Introduction
This project uses reinforcement learning to encourage
the language model roneneldan/TinyStories-33M
to generate stories with alliteration.
Code here
Demo
Here’s a non-cherry-picked generation from the unmodified model:
Once upon a time there was a cute little bunny named Fluff. Fluff was a very clever bunny who liked to explore and find new places every day. One day while Fluff was hopping around, he noticed a big knot in a tree. He wanted to attach the knot to something, so he used his paws to attach it. Fluff hopped up to the nearest rabbit and said, “Hello, can you help me attach this knot to the tree?” The
By coincidence, there are some consecutive words with the same initial letter,
such as
Fluff. Fluff
and
to the tree?" The
.
Here’s a generation from the model after reinforcement learning:
Once upon a time, there was a tall tree. The tall tree was in the middle of a park. One day, a little girl wanted to touch the tall tree. She started to walk towards the tall tree. When she got to the tall tree, she started to touch the branches. Suddenly, the tree started to grow taller and taller! The little girl was amazed and she ran away from the tall tree. She kept running and she forgot about the tall tree. She
(Here I chose the first generation after step 5000.)

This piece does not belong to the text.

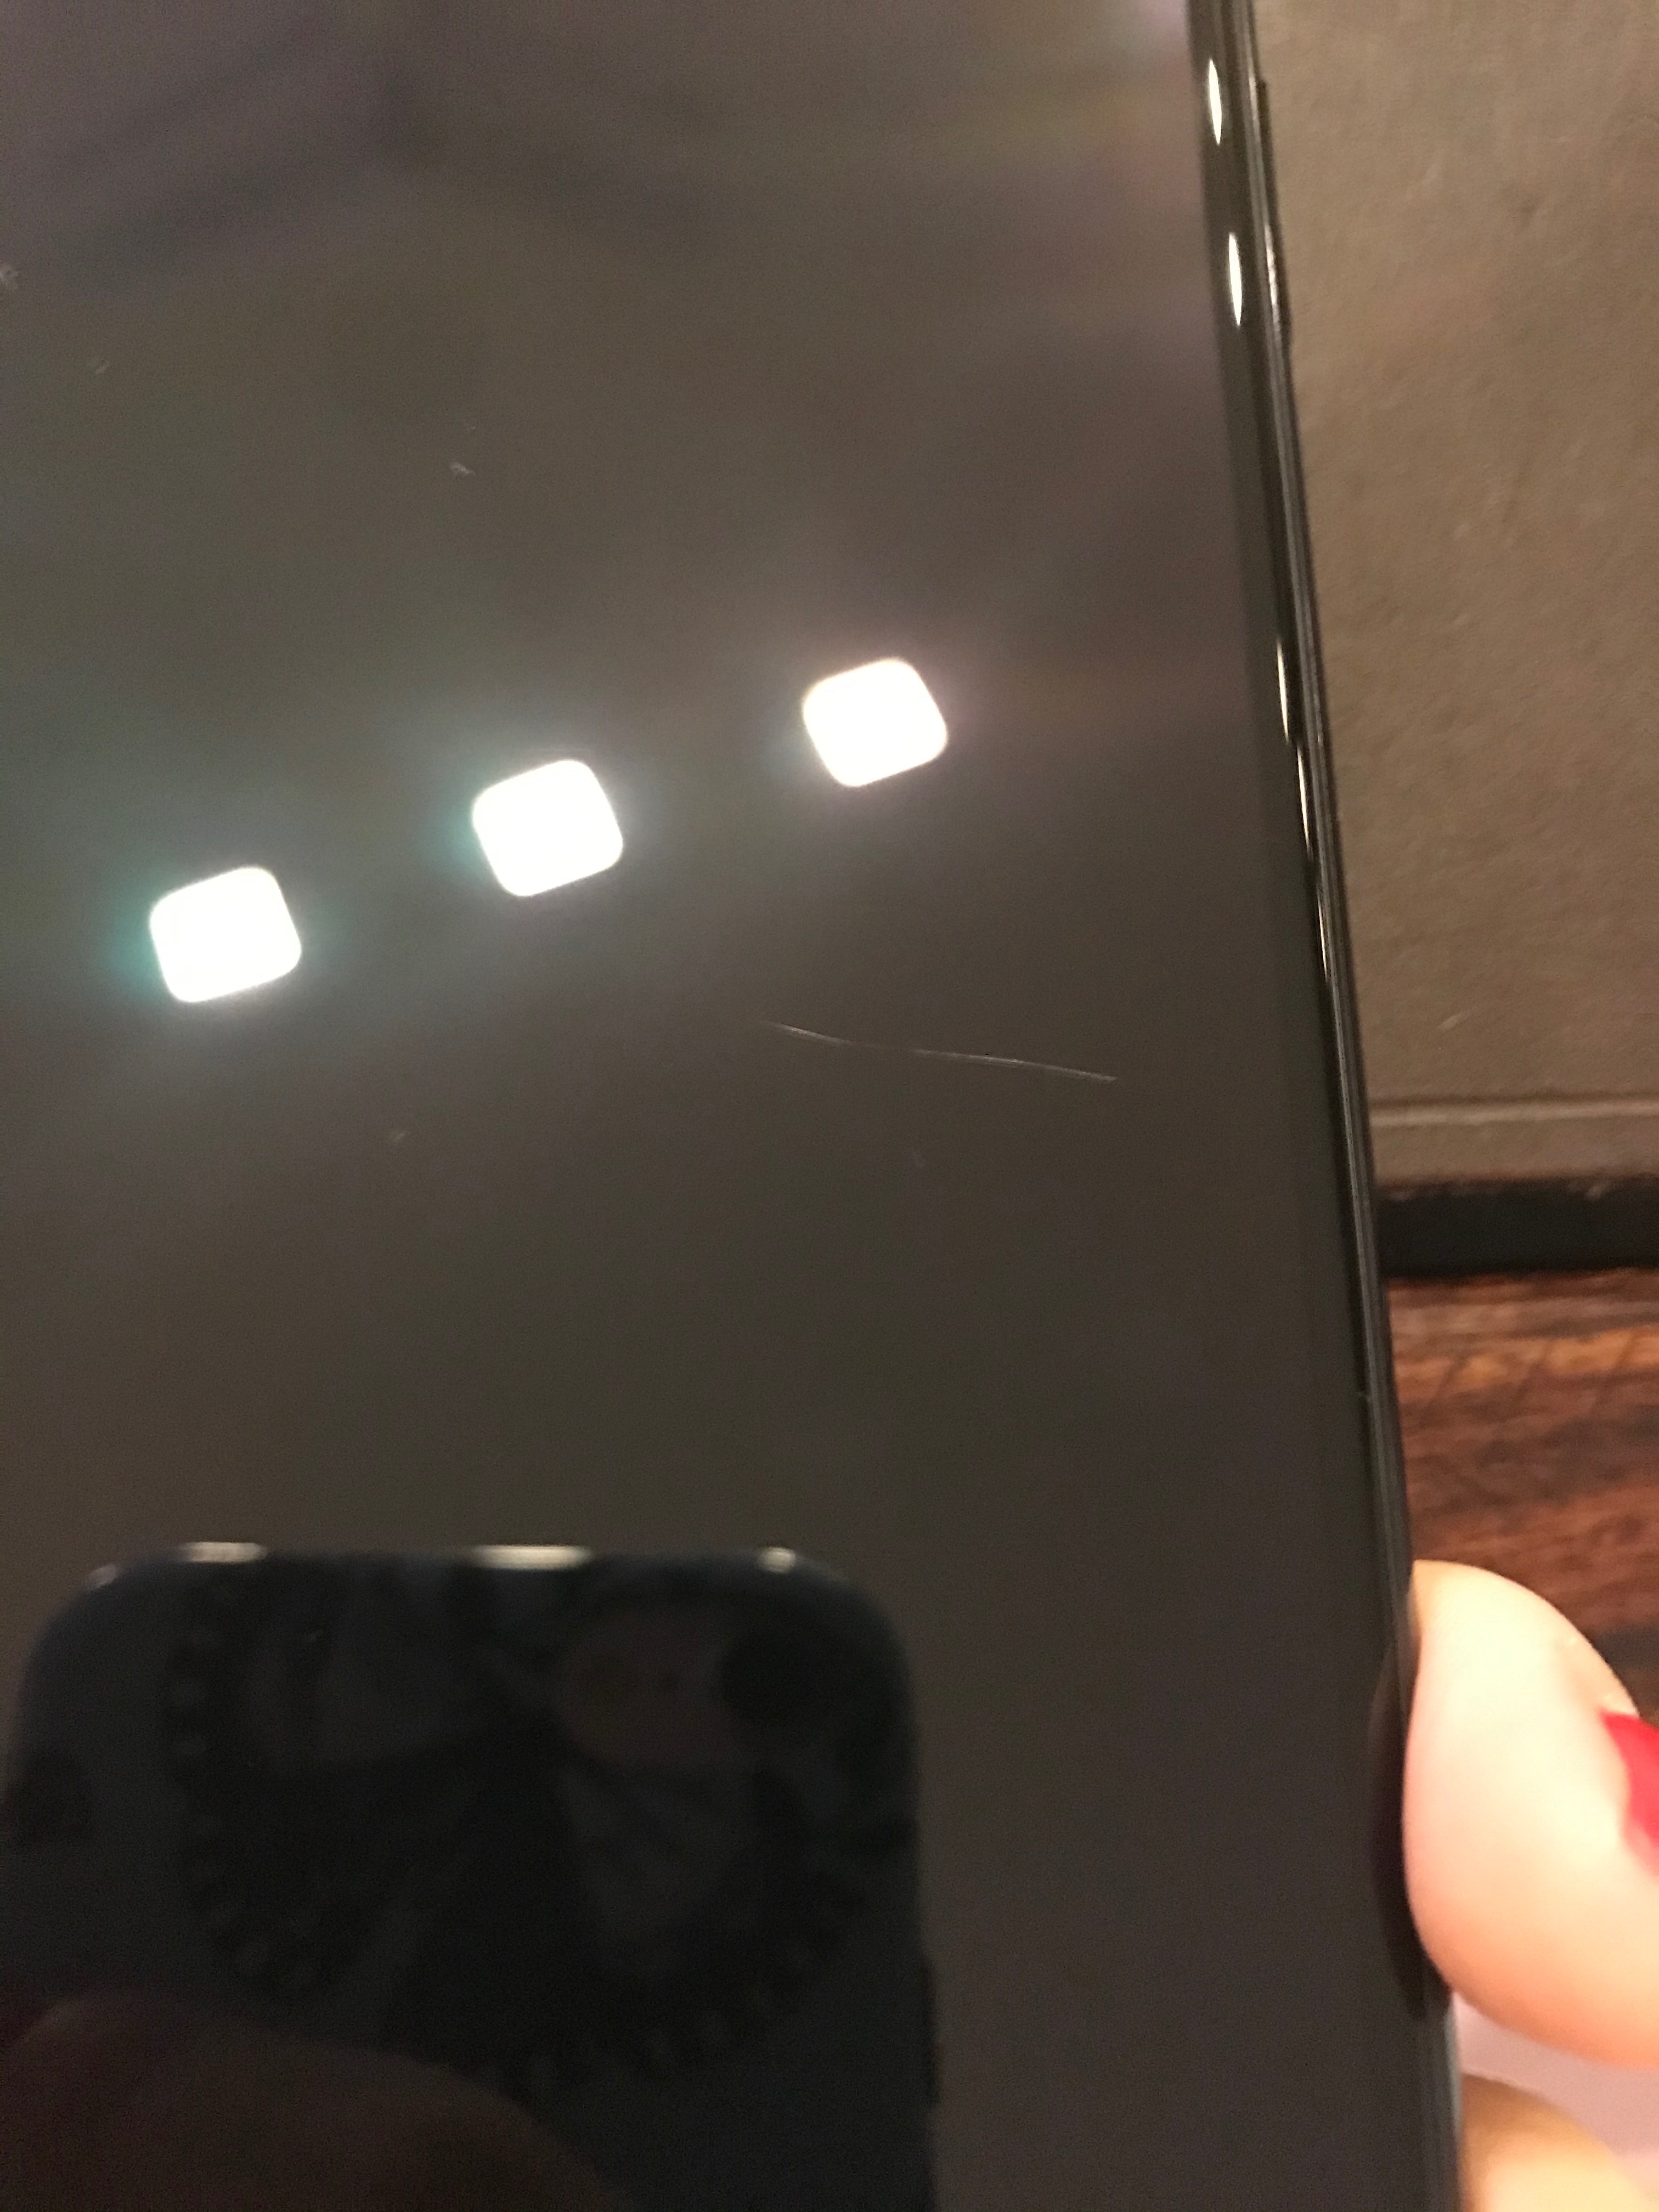 Why do Apple screens scratch so easily?

Now there’s much more alliteration, such as
to touch the tall tree
,
She started
,
and
towards the tall tree
.
Note on definitions
For simplicity, I’m defining alliteration as two or more consecutive words with the same initial letter. So “Zebadiah the Zebra” doesn’t count because of the intermediate “the”, and “seven cycling psychologists” doesn’t count even though the initial sound is the same.
The exact reward function is
def get_raw_reward(text: str) -> int:
words = text.split()
return sum(
1
for word, next_word in zip(words, words[1:])
if word[0].lower() == next_word[0].lower()
)